**DATA TO PROCESS**
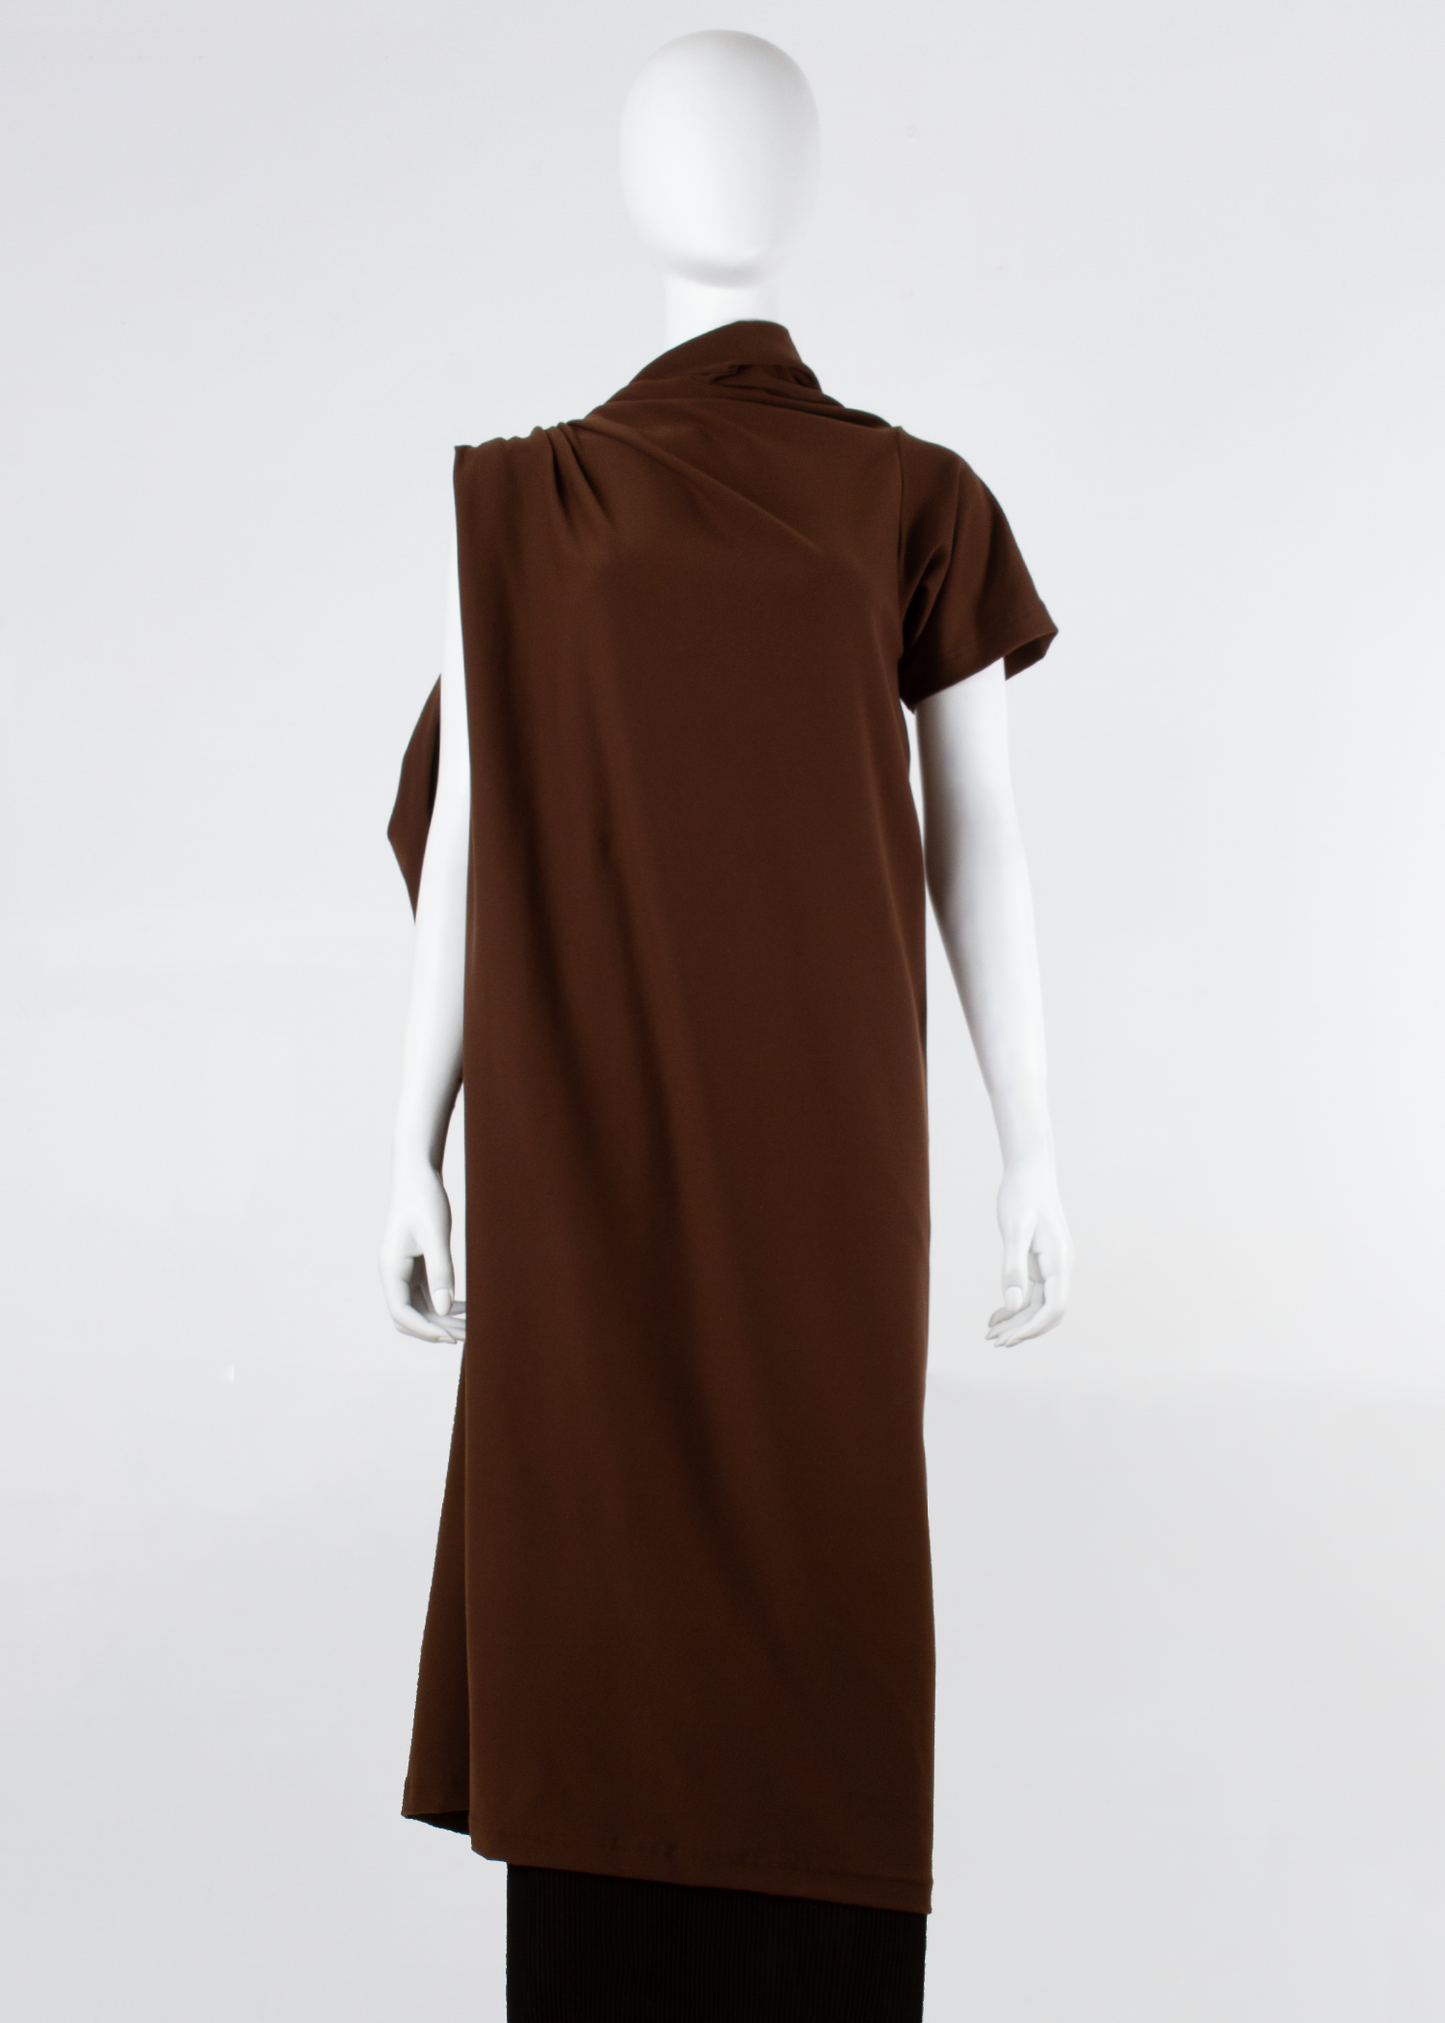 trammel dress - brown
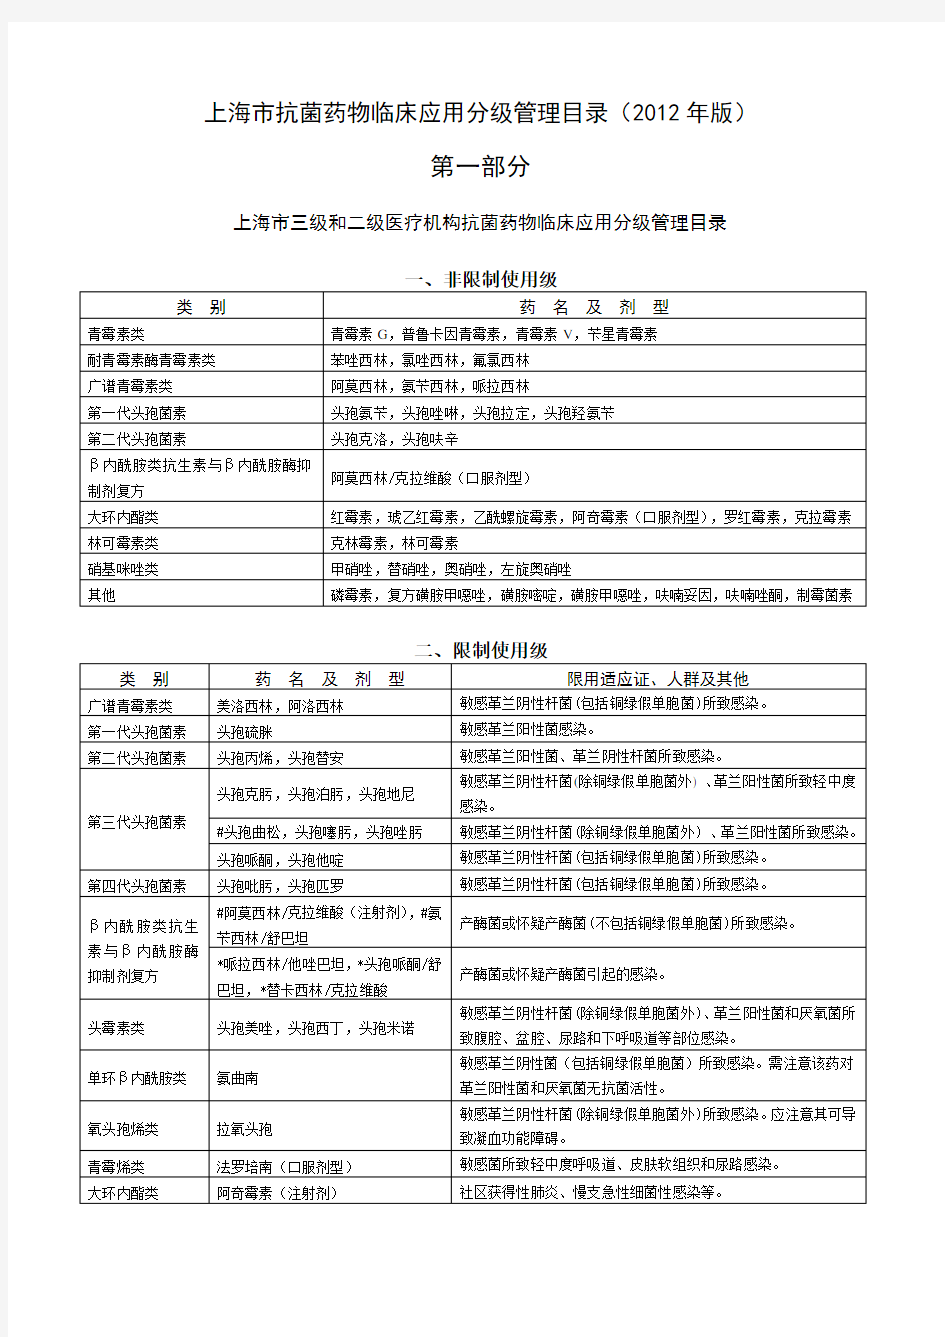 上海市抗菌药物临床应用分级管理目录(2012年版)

* * *

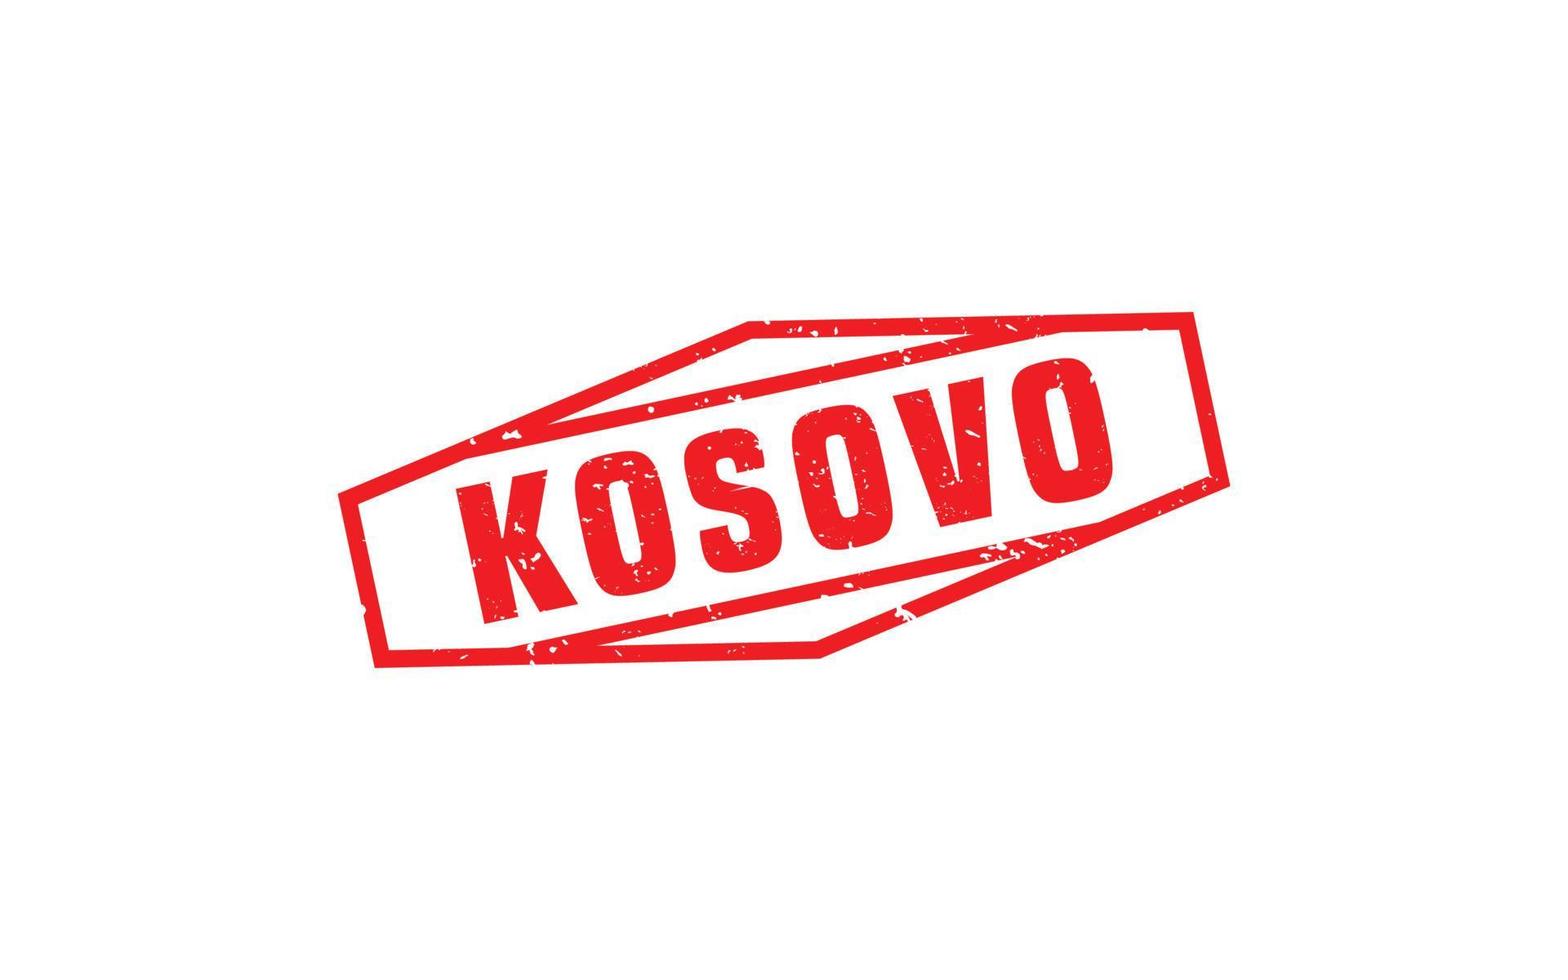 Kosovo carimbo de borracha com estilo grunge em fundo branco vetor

==

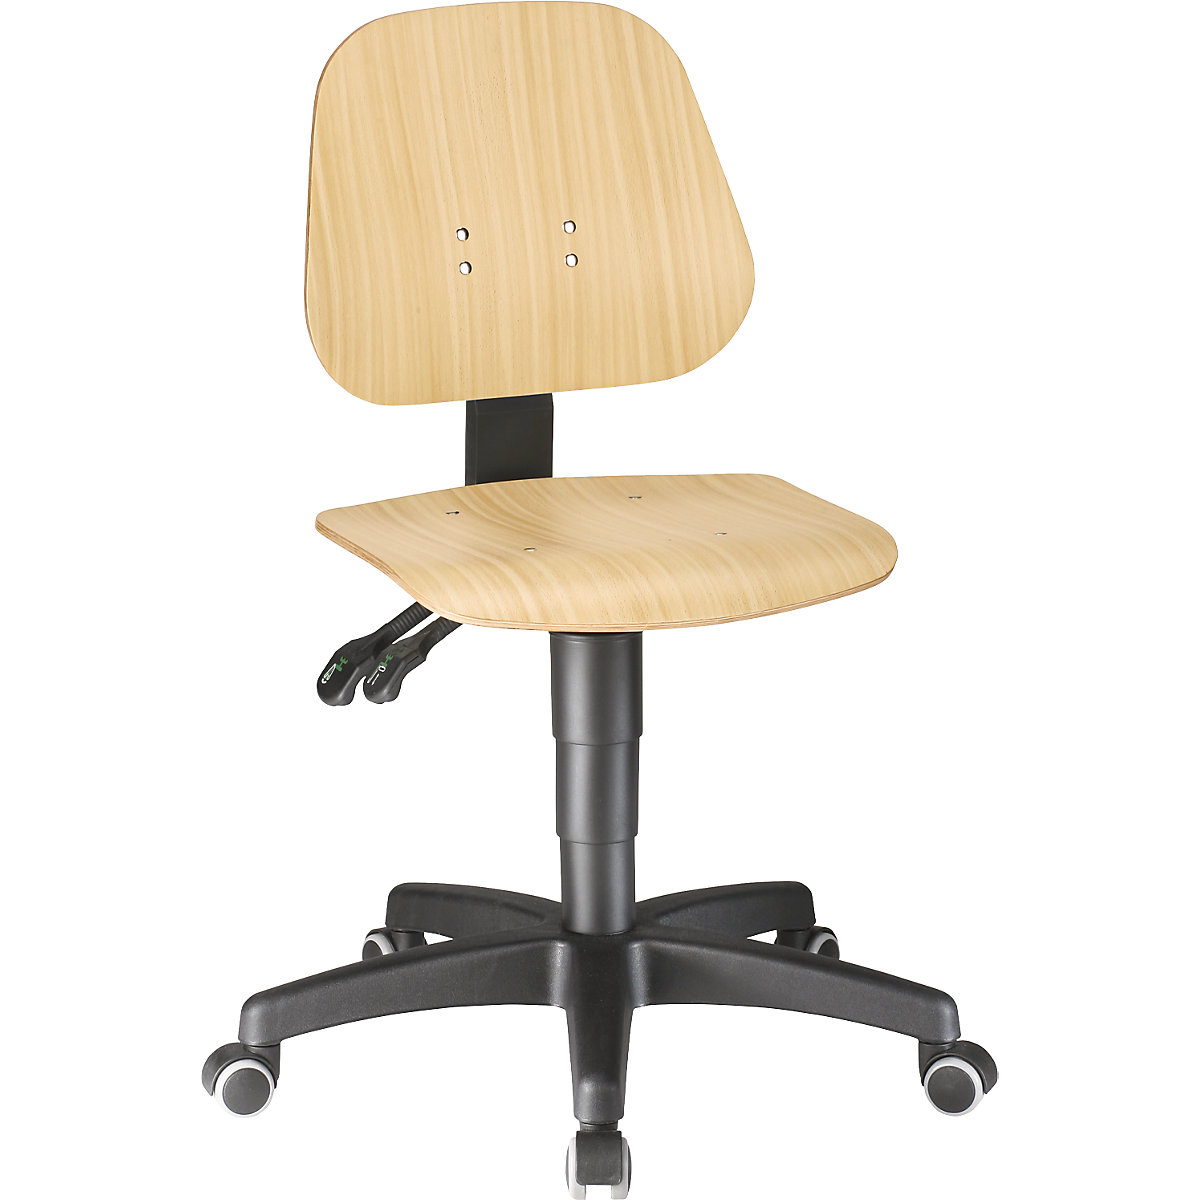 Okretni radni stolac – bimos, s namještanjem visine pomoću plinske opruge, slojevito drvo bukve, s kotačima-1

**EXERCISE REQUIREMENTS**
Keep to the stretch from the line containing "trammel dress - brown" through the line containing "上海市抗菌药物临床应用分级管理目录(2012年版)", both ends included, and copy it exactly from the listing above, minus the pictures.

**RESPONSE TO THIS TASK**
 trammel dress - brown
 上海市抗菌药物临床应用分级管理目录(2012年版)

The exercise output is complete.